What is agent identity verification?
Agent identity verification is the process of cryptographically proving which entity an AI agent acts for and that it is authorized to make commitments on that entity's behalf, so counterparties know exactly who they are transacting with.
What verified identity gives you, in three layers
A cryptographic credential proves which real entity the agent acts for — not a spoofed or anonymous bot.
Signed, scoped delegation states what the agent may commit to, up to what value, and for which principal — enforced at the protocol level.
Every signed commitment and settlement traces back to that known principal, anchoring portable reputation and a tamper-evident audit trail.

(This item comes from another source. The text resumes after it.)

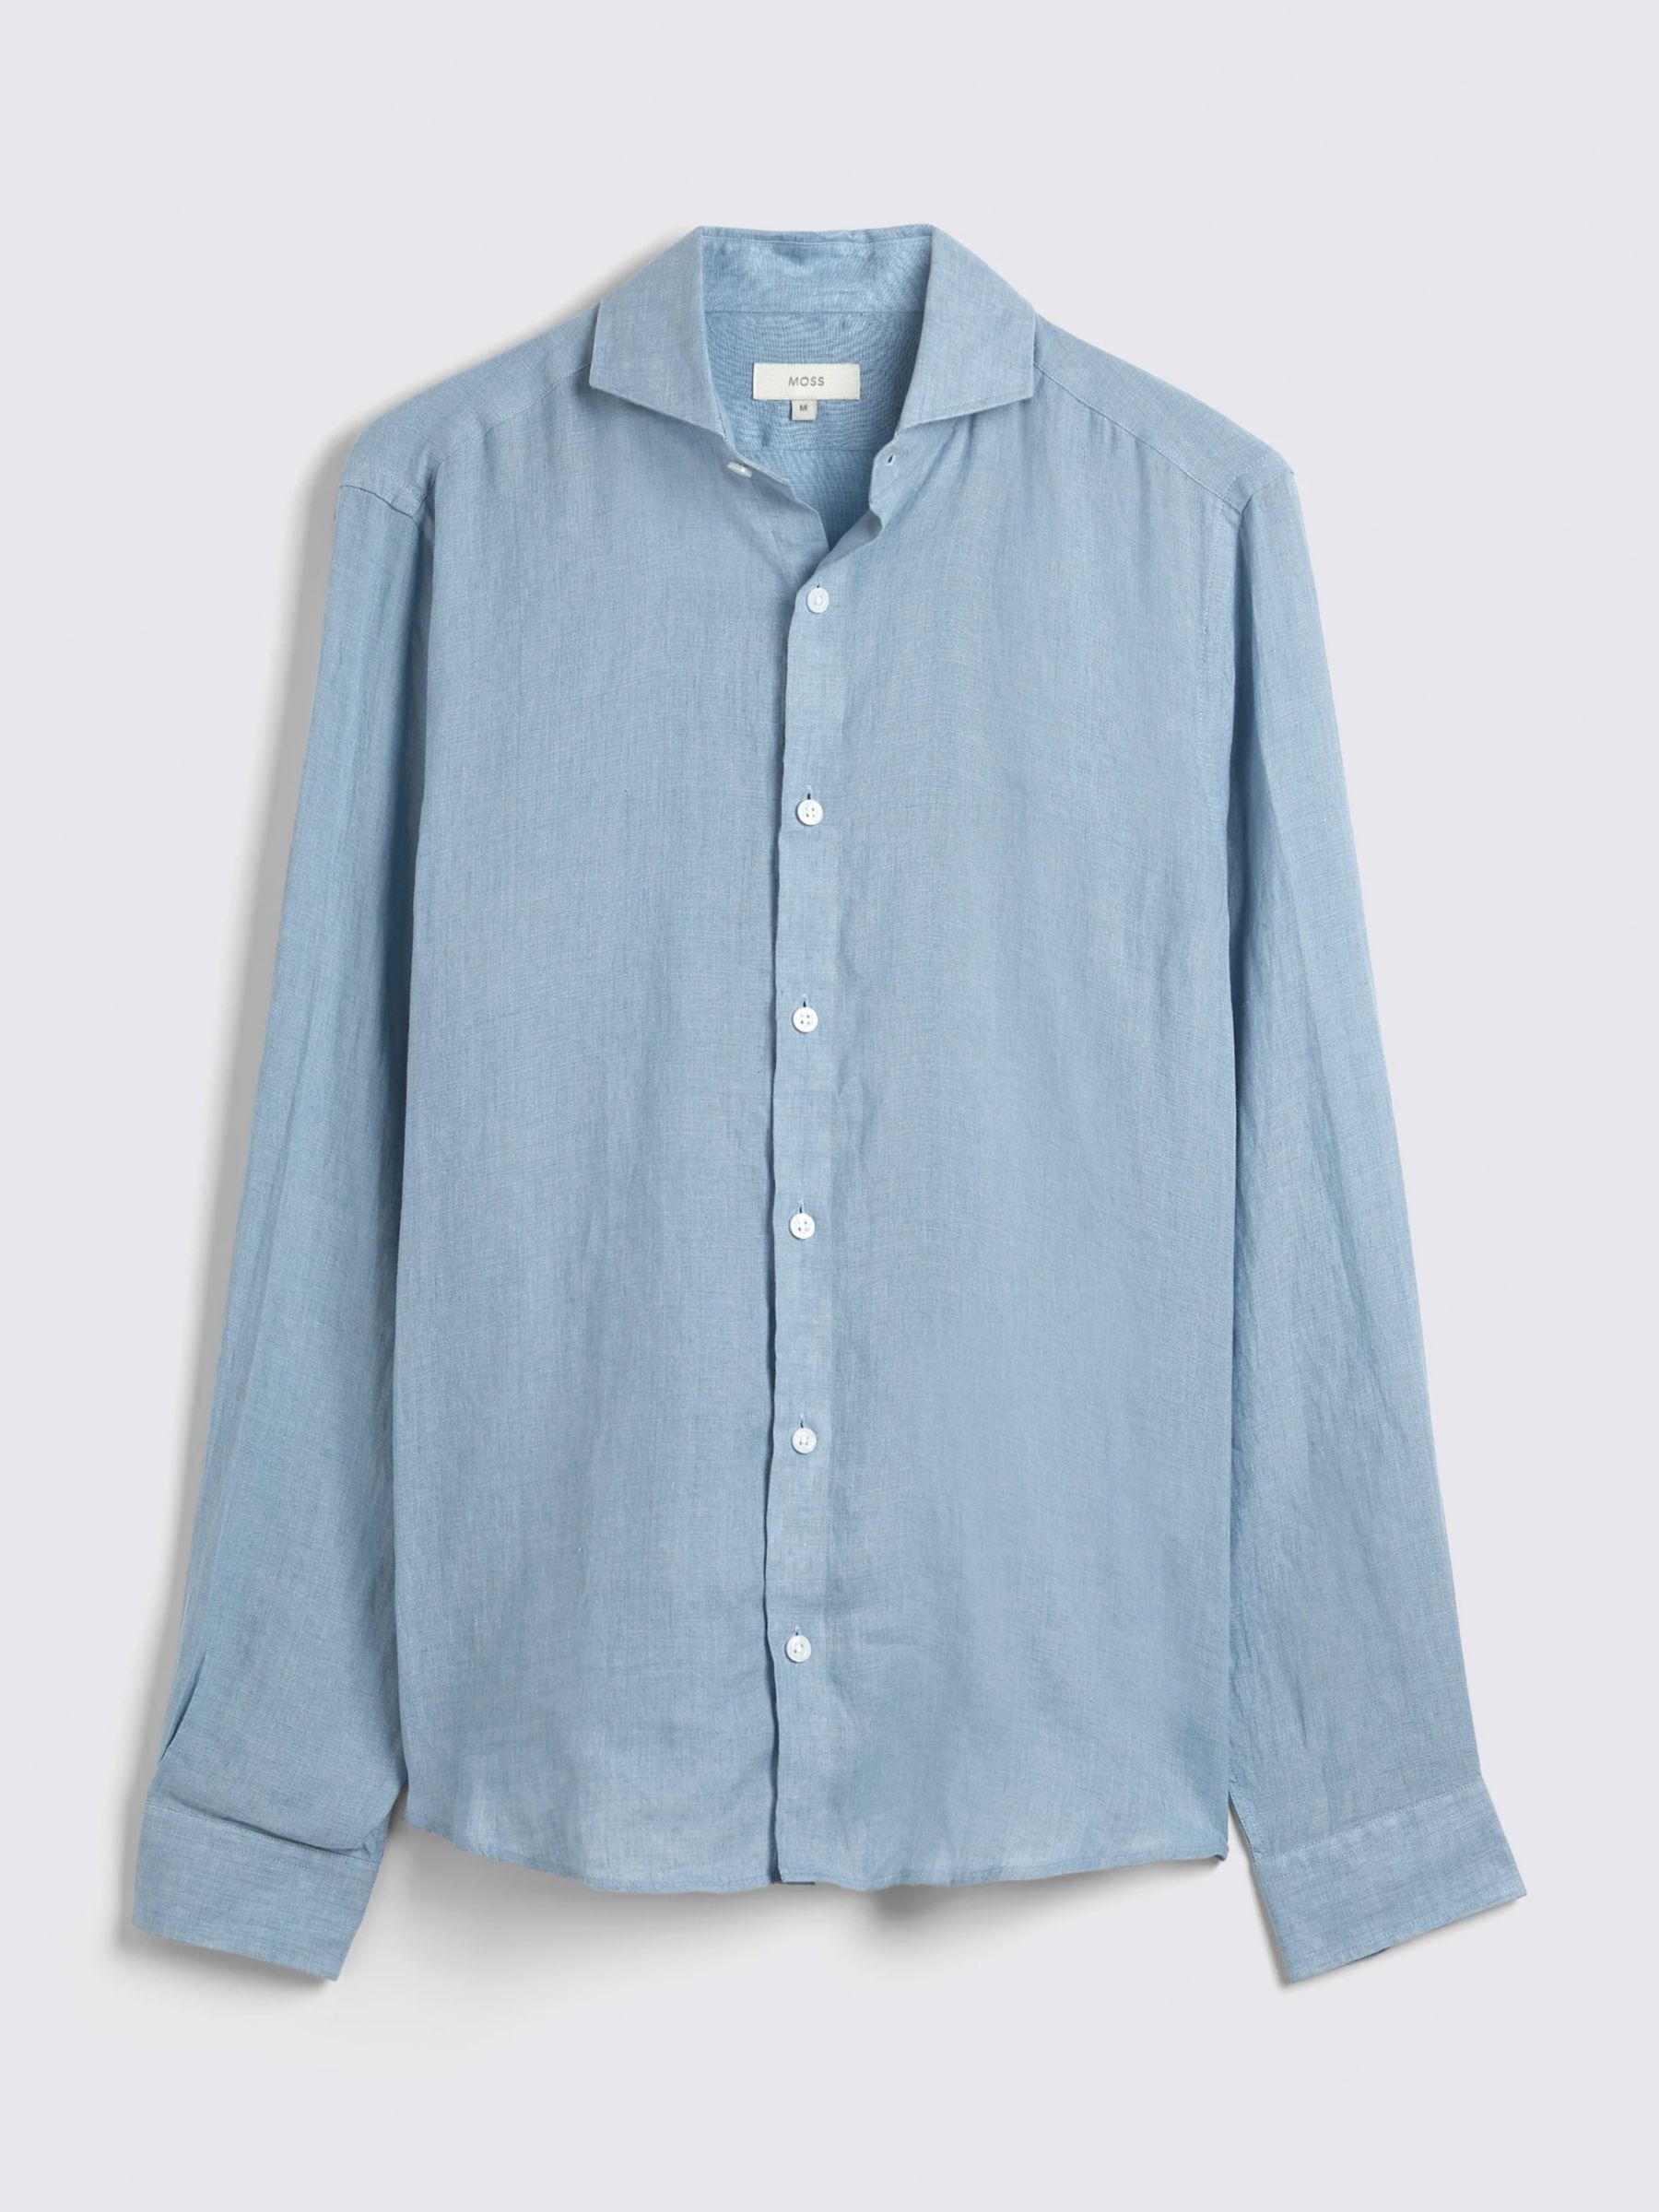 Moss Tailored Fit Linen Long Sleeve Shirt, Soft Blue, S
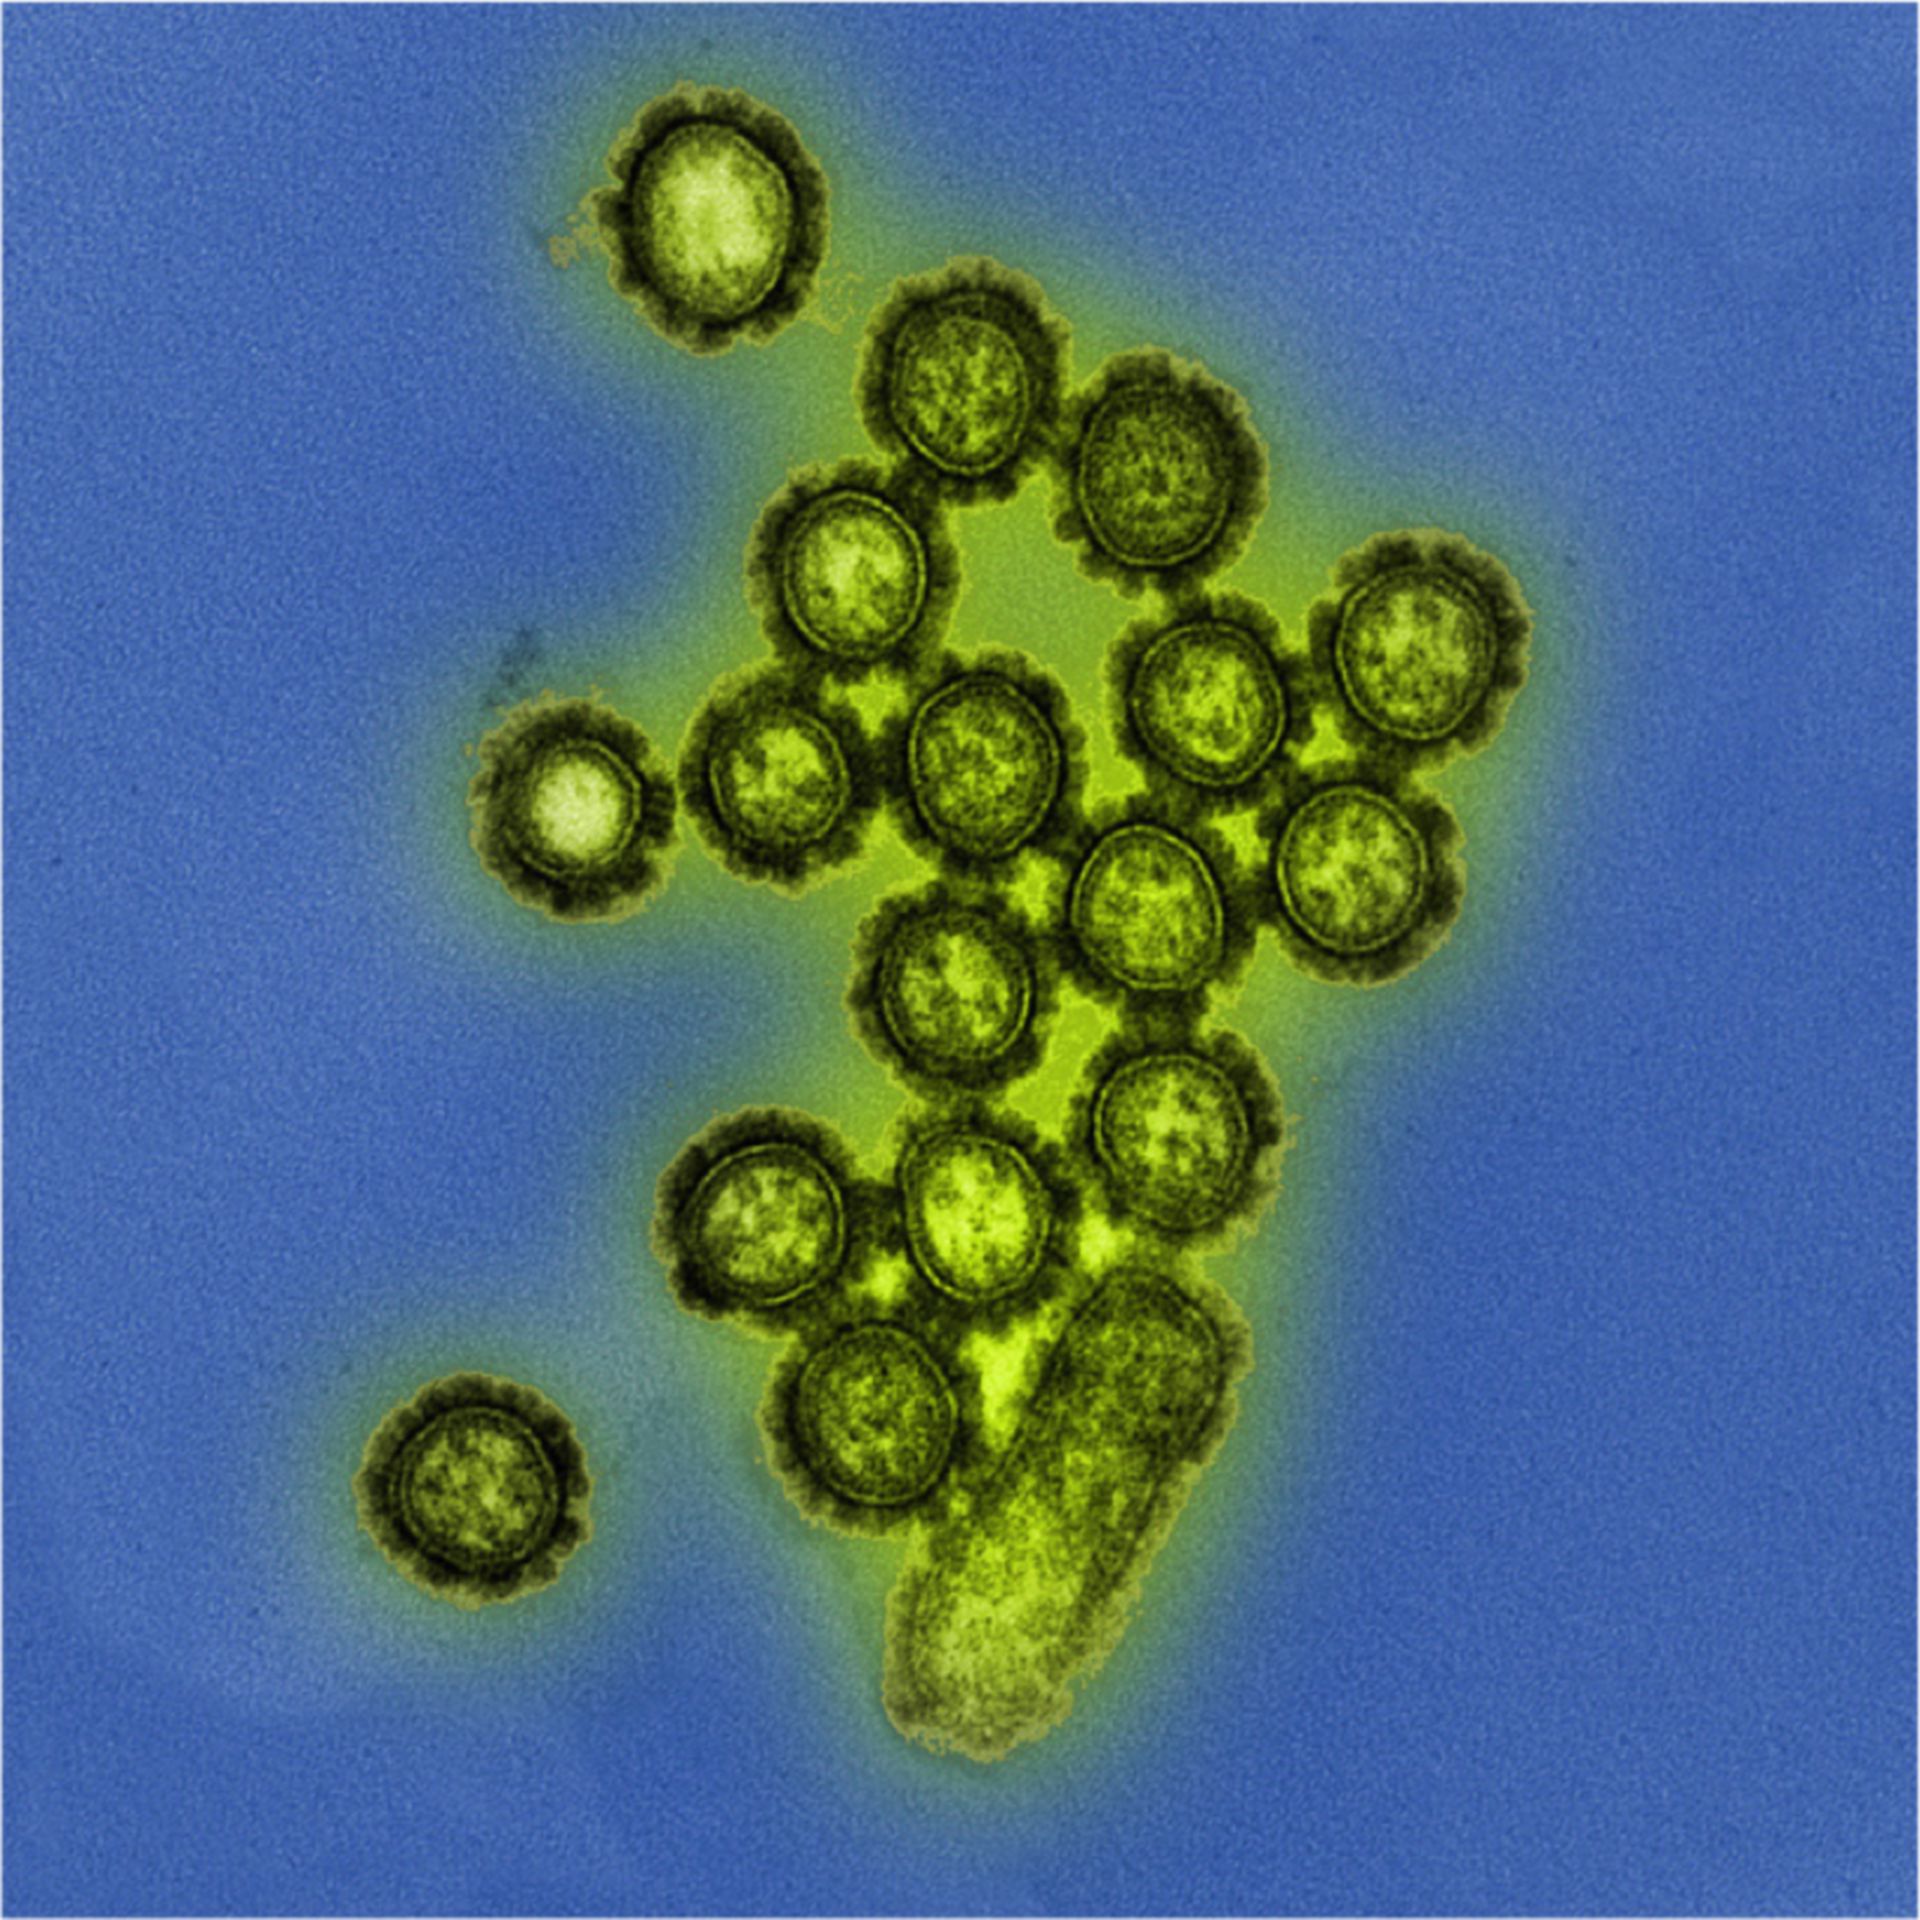 H1N1 Influenza Virenpartikel

Who is on the other side of the deal
Before an agent accepts a commitment, it needs to know the counterparty is a real, authorized principal, not a spoofed or unauthorized agent. Agent identity verification binds each agent to a verifiable credential that proves its operator and its authority to bind that operator to a contract.
Identity anchors reputation and audit
Reputation and audit trails are only meaningful if they attach to a stable identity. Verified identity is the anchor that makes an agent's execution history portable and its actions accountable: every signed commitment and settlement record traces back to a known principal.
Delegated authority and scope
Identity verification also encodes scope: what an agent is permitted to commit to, up to what value, and for which principal. This lets owners delegate buying or selling power to agents safely, with limits enforced at the protocol level rather than by trust.